Changeset: 124575b4 Branch: master Author: Ivan Walulya <iwalulya@openjdk.org> Date: 2025-08-27 11:45:43 +0000 URL: https://git.openjdk.org/jdk/commit/124575b4c2b52328a8efddb40e67057a53b44a04
27-08-2025

I uploaded the synthetic simulator at https://github.com/openjdk/jdk/compare/master...caoman:jdk:heapsim. I could try publishing it in its own repo later, but need to go through additional approval from our side. Any suggestion if OpenJDK has any repo or directory that I could contribute this program? It is helpful to demonstrate other issues with G1 heap resizing. Regarding to the fluctuating mutator CPU usage issue, upon reviewing https://github.com/openjdk/jdk/pull/26351, I'm convinced that the proposed approach does not suffer from this issue. This is because the proposed approach does not rely on the total process CPU usage, and does not measure "GC CPU overhead", i.e., a ratio of GC CPU usage over total CPU usage.
23-07-2025

A pull request was submitted for review.

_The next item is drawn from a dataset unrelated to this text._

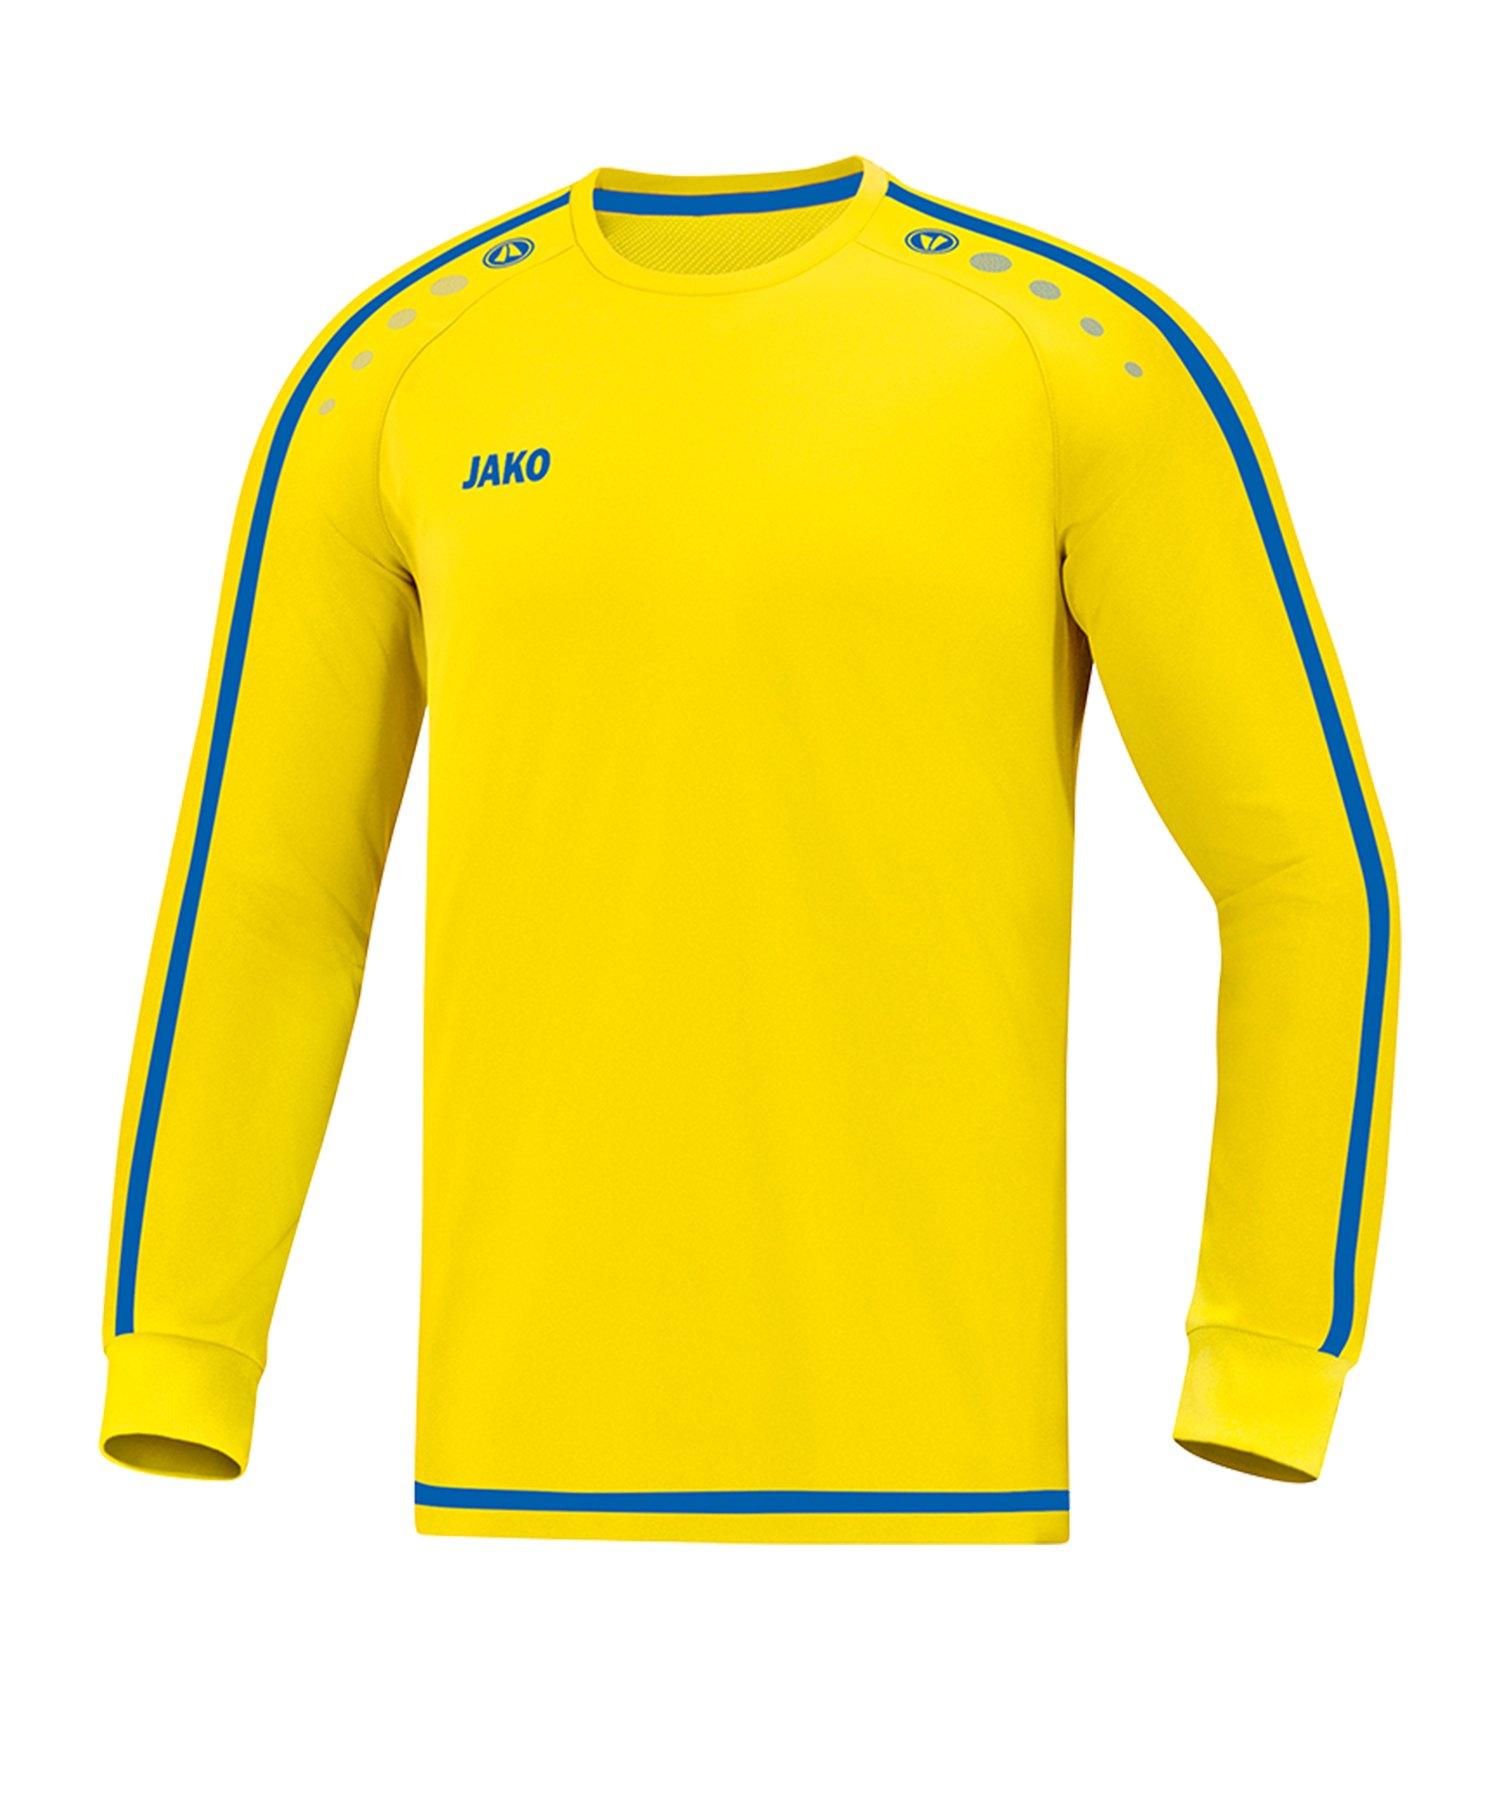 Jako Striker 2.0 Trikot langarm Kids Gelb Blau F12 - Gelb

Branch: master URL: https://git.openjdk.org/jdk/pull/26351 Date: 2025-07-16 13:55:32 +0000
17-07-2025

[~manc] can you help with creating the synthetic simulator, or even better test with your workloads used when testing SoftMaxHeapSize.
16-07-2025

We have some concerns about using GC CPU overhead to control heap sizing: https://github.com/openjdk/jdk/pull/24211#issuecomment-2777769994. > Somewhat related to above, our experience with our internal algorithm that adjusts SoftMaxHeapSize based on GC CPU overhead, encountered cases that it behaves poorly. The problem is that some workload have large variance in mutator's CPU usage (e.g. peak hours vs off-peak hours), but smaller variance in GC CPU usage. Then it does not make much sense to maintain a constant % for GC CPU overhead, which could cause excessive heap expansion when mutator CPU usage is low. The workaround is to take live size into consideration when calculating SoftMaxHeapSize, which is similar to how Min/MaxHeapFreeRatio works. I suggest we test the PR with a workload that has fluctuating mutator CPU usage, but relatively stable eden allocation rate and live bytes. Then heap size could fluctuate too much. It might be easier to write a synthetic simulator that exhibits this behavior.
16-07-2025